Write out again the lines from the line with "Nail art color" up to and including the line with "Izaak moody project canterbury atrium", exactly as they stand below, and skip any picture.

- **Information supplied**:
+ + + + + + +
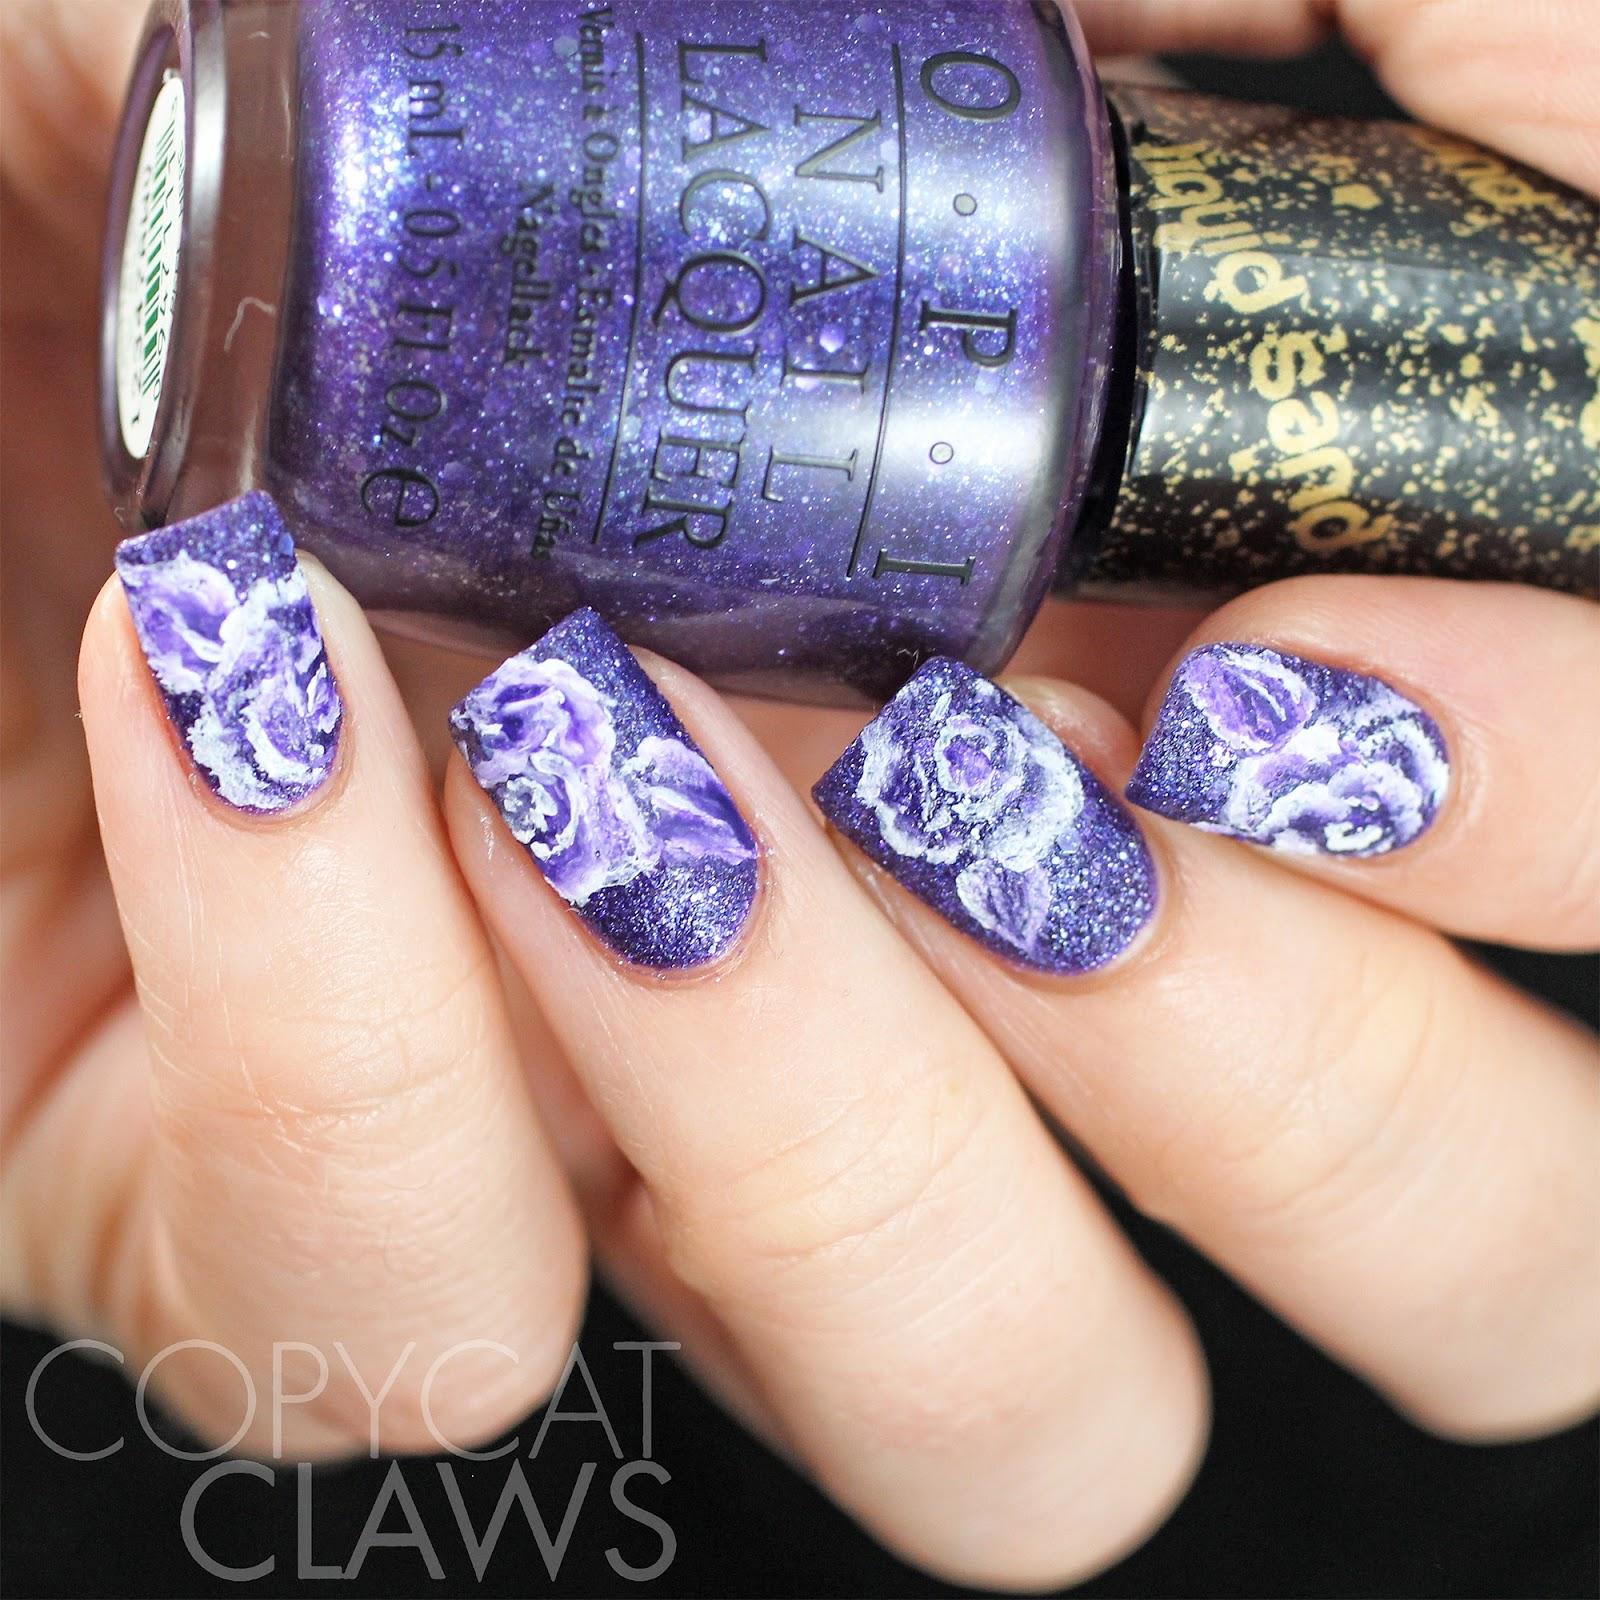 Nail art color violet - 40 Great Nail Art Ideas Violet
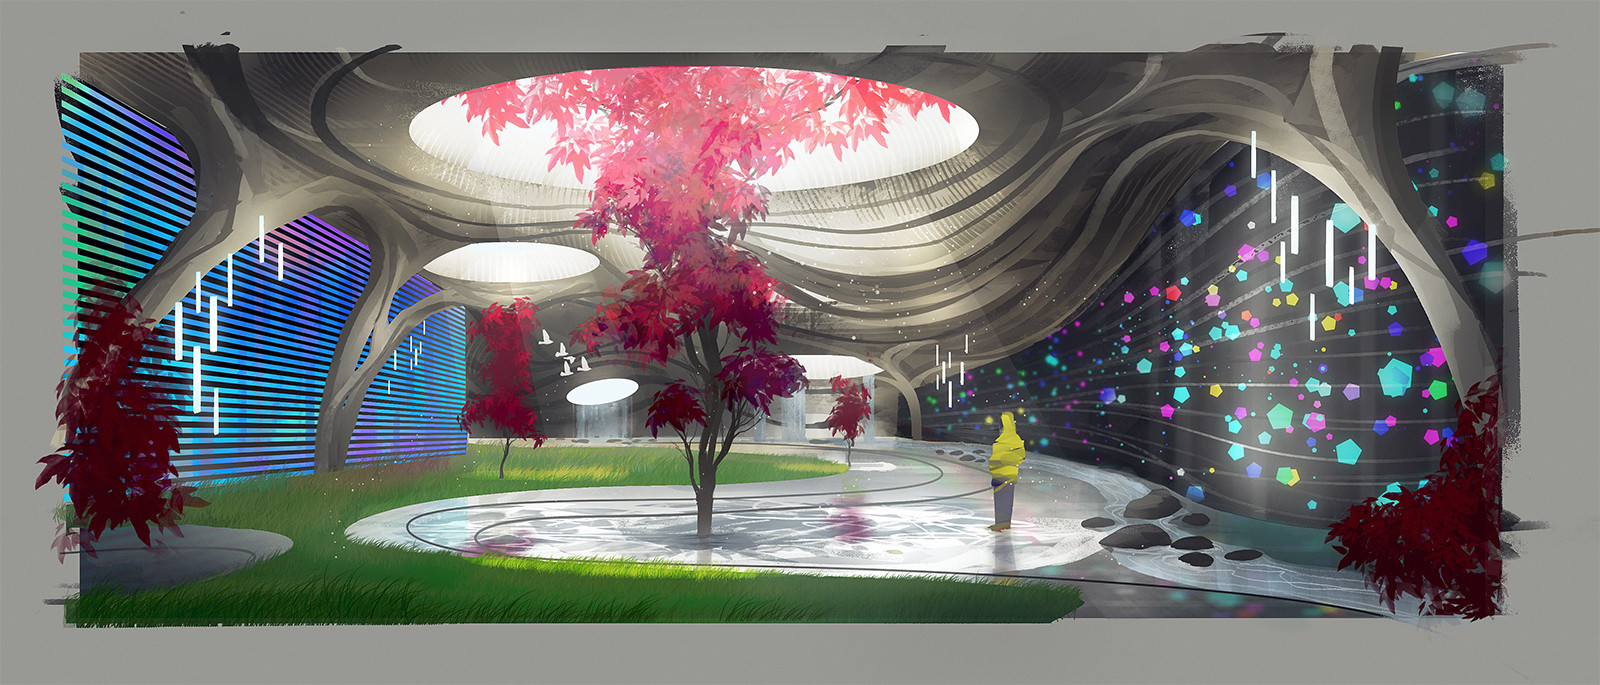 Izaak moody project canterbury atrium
+ + + + + + +
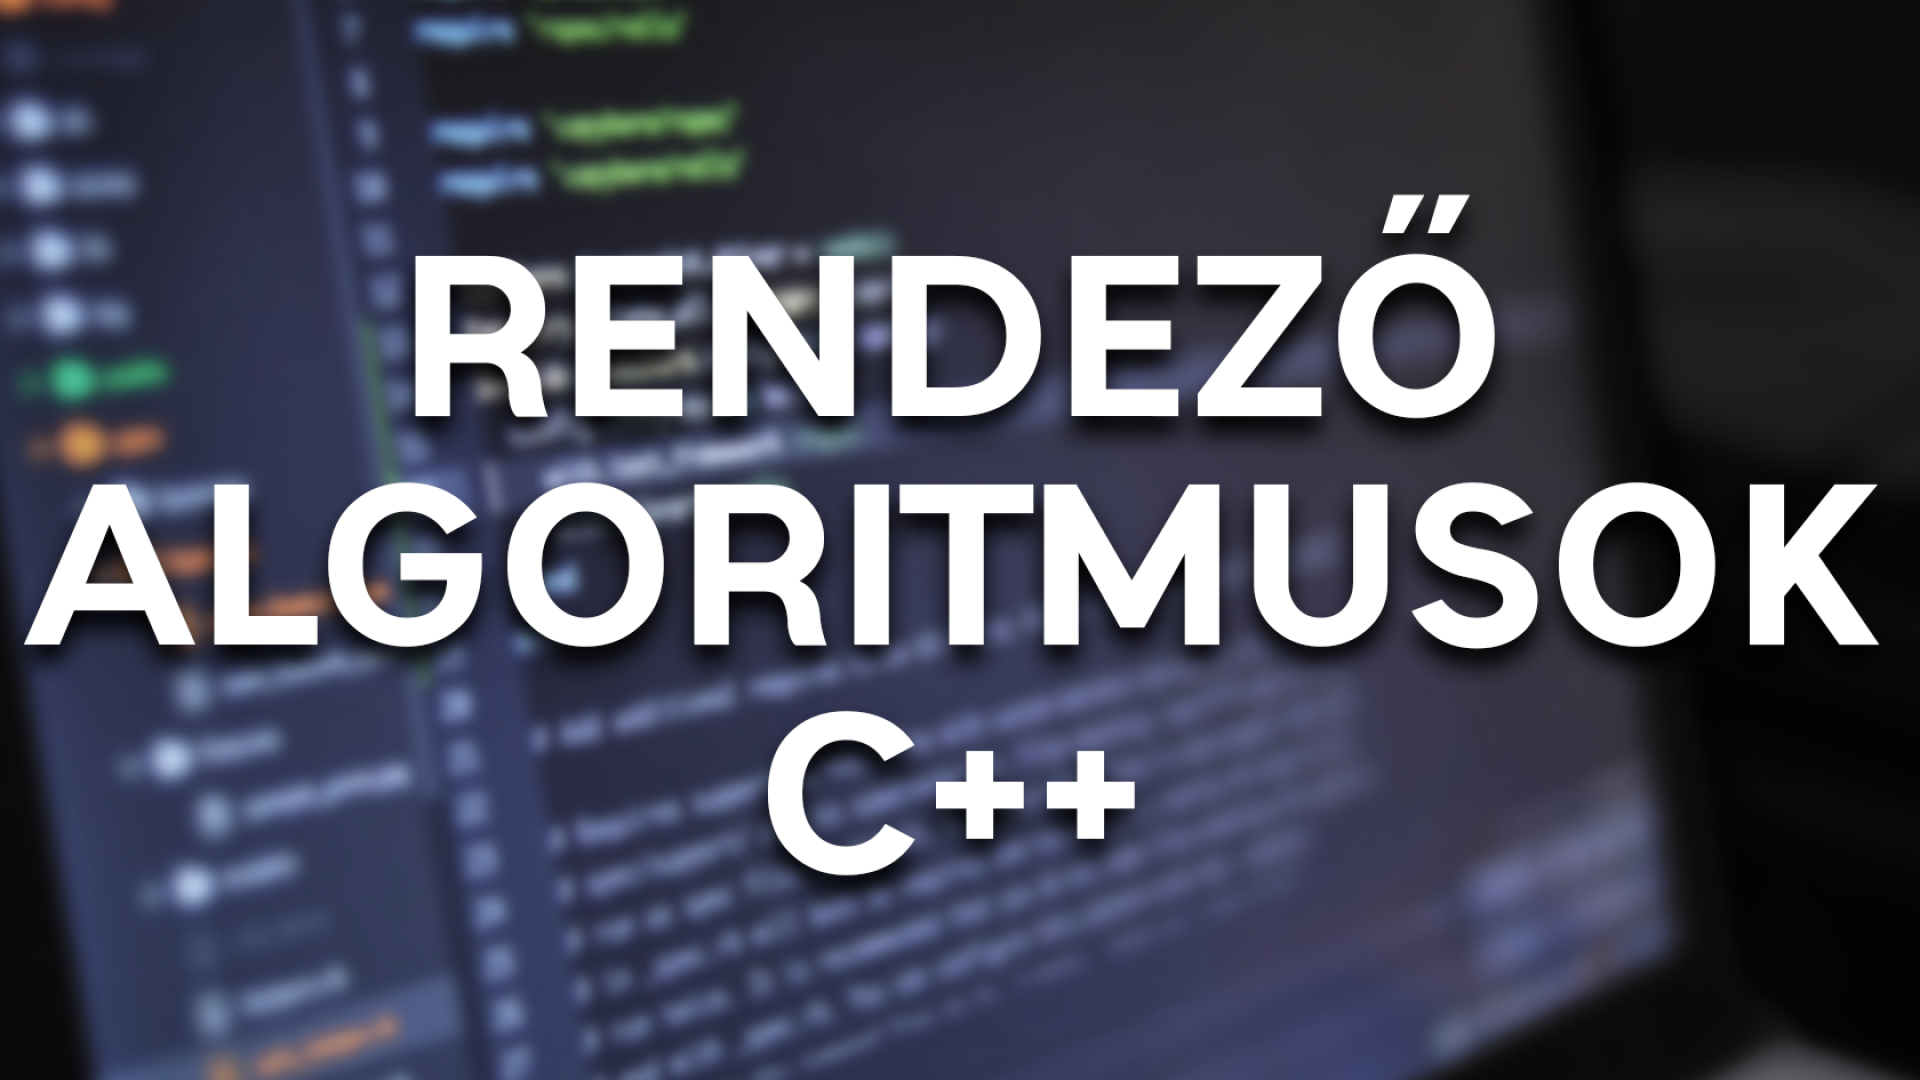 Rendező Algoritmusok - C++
+ + + + + + +
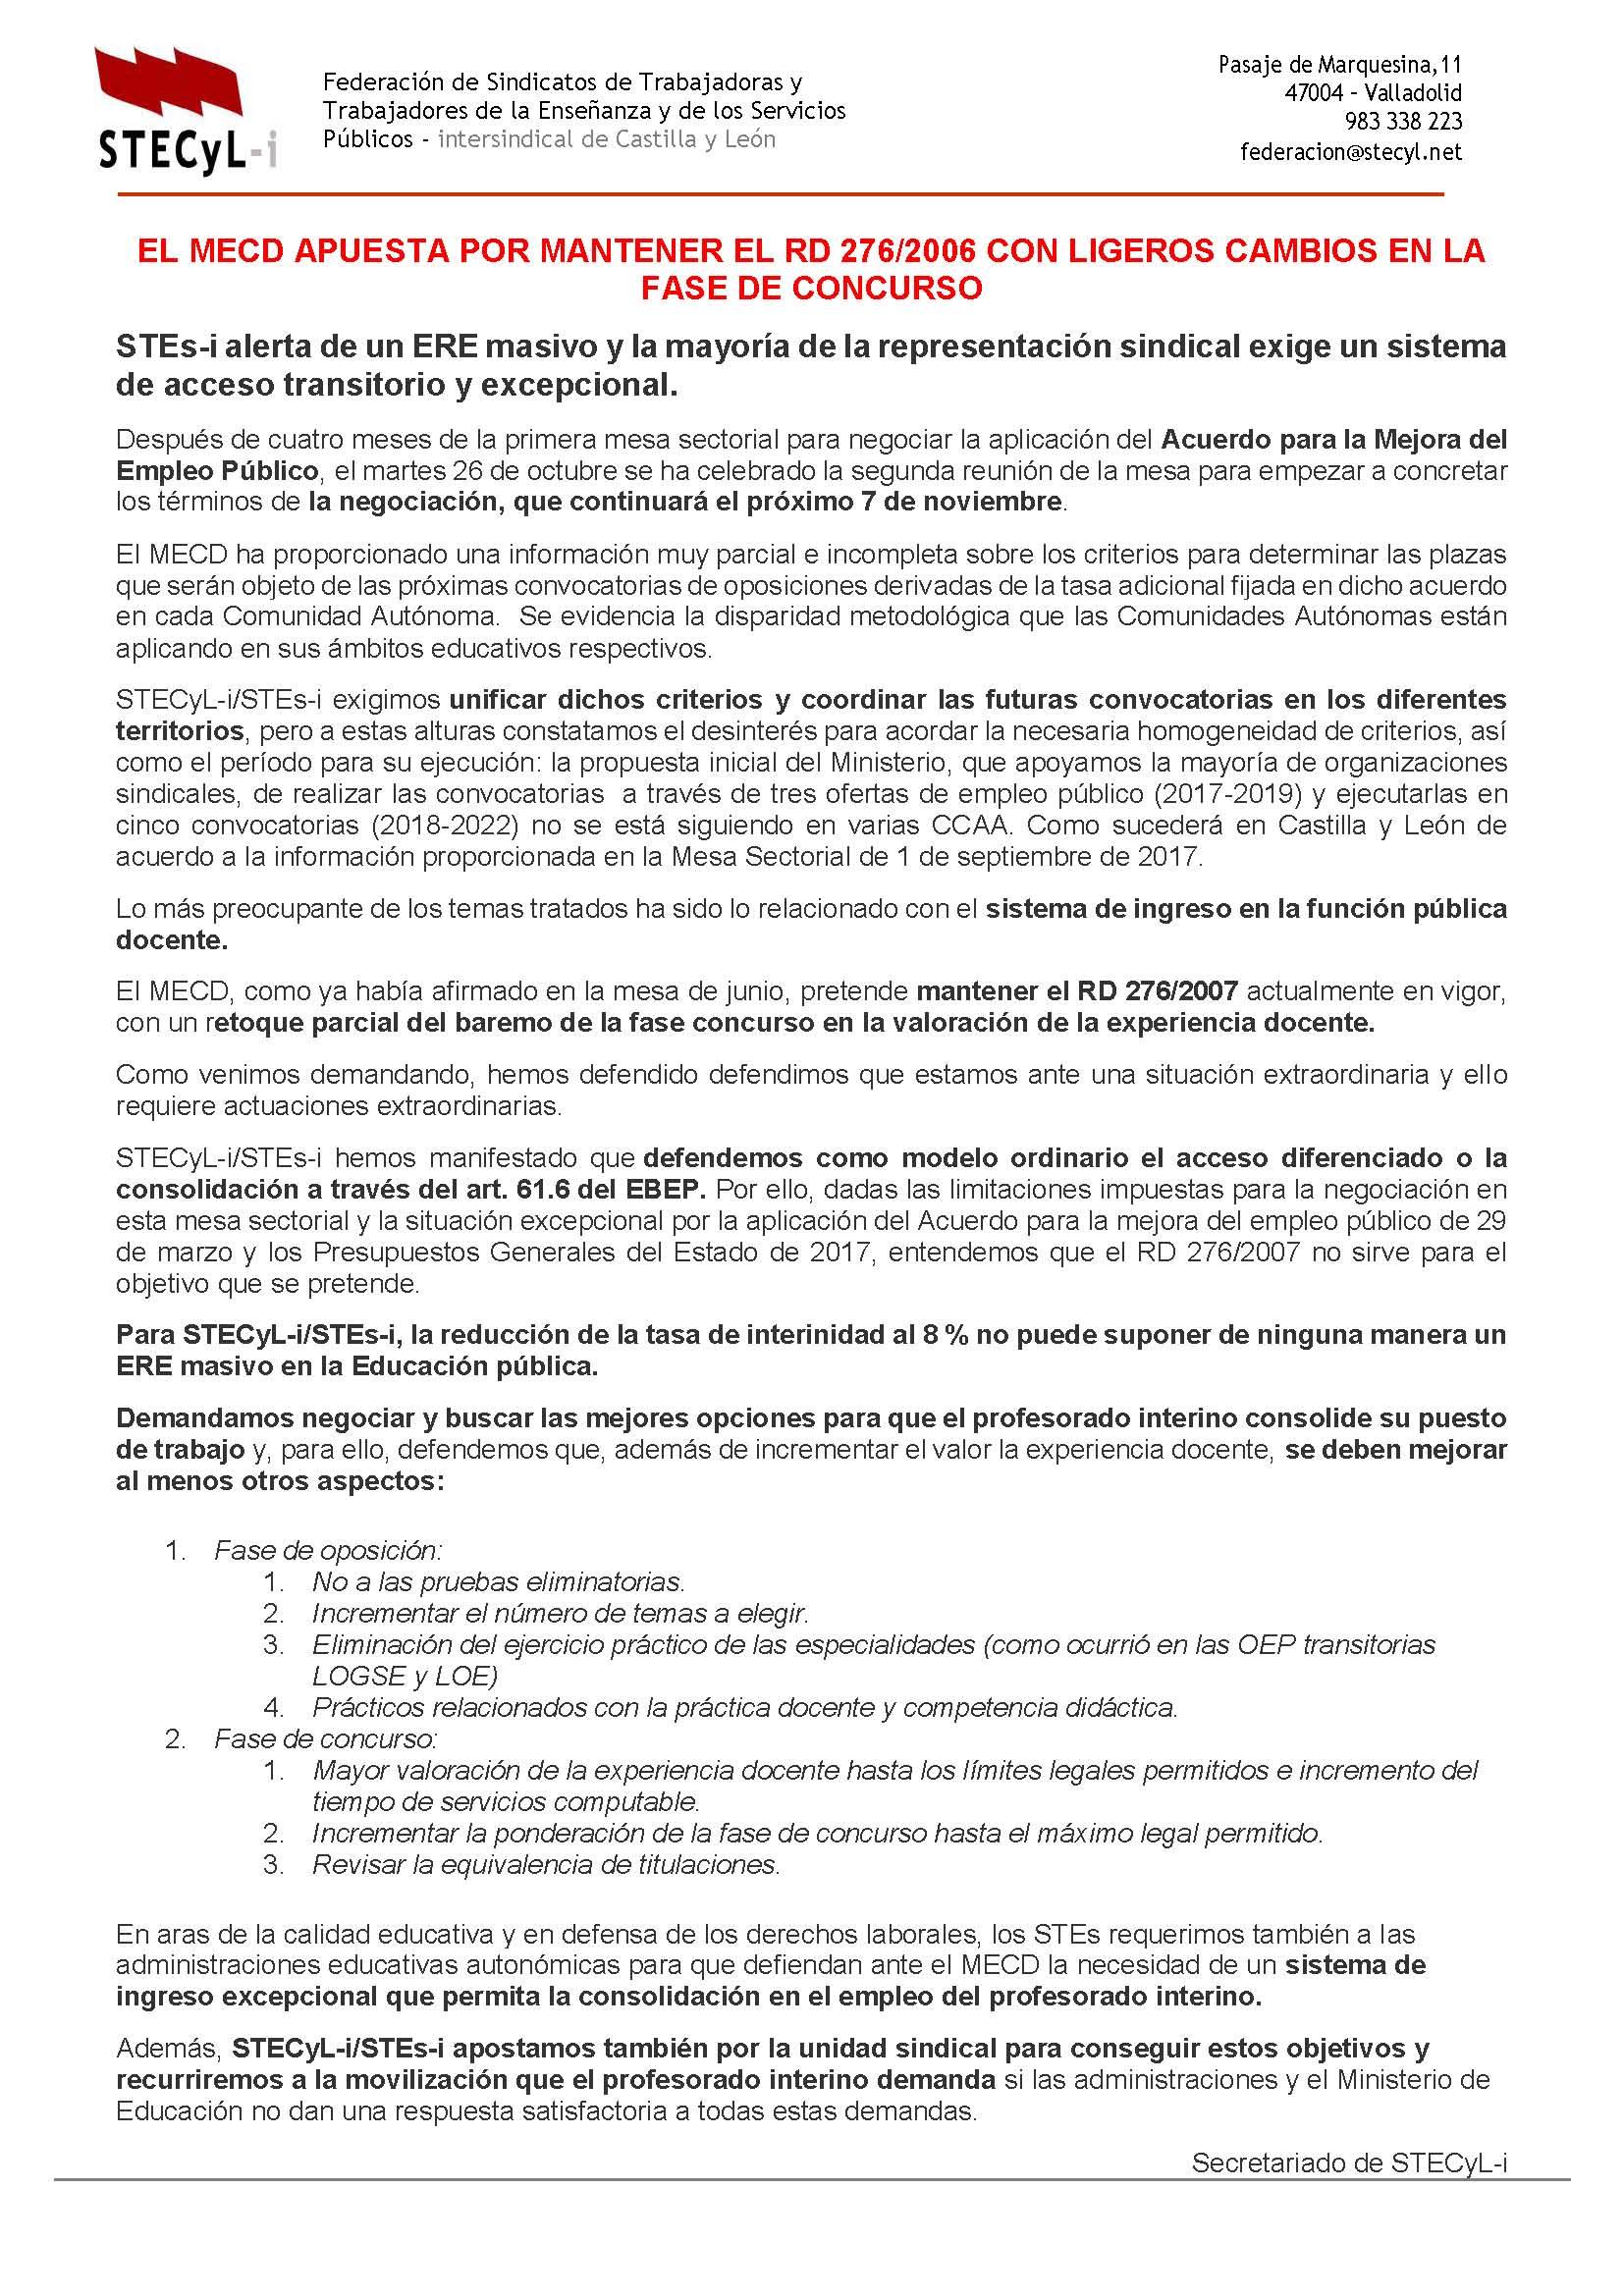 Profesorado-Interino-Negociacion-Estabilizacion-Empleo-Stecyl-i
+ + + + + + +
- **Task solution**:
 Nail art color violet - 40 Great Nail Art Ideas Violet
 Izaak moody project canterbury atrium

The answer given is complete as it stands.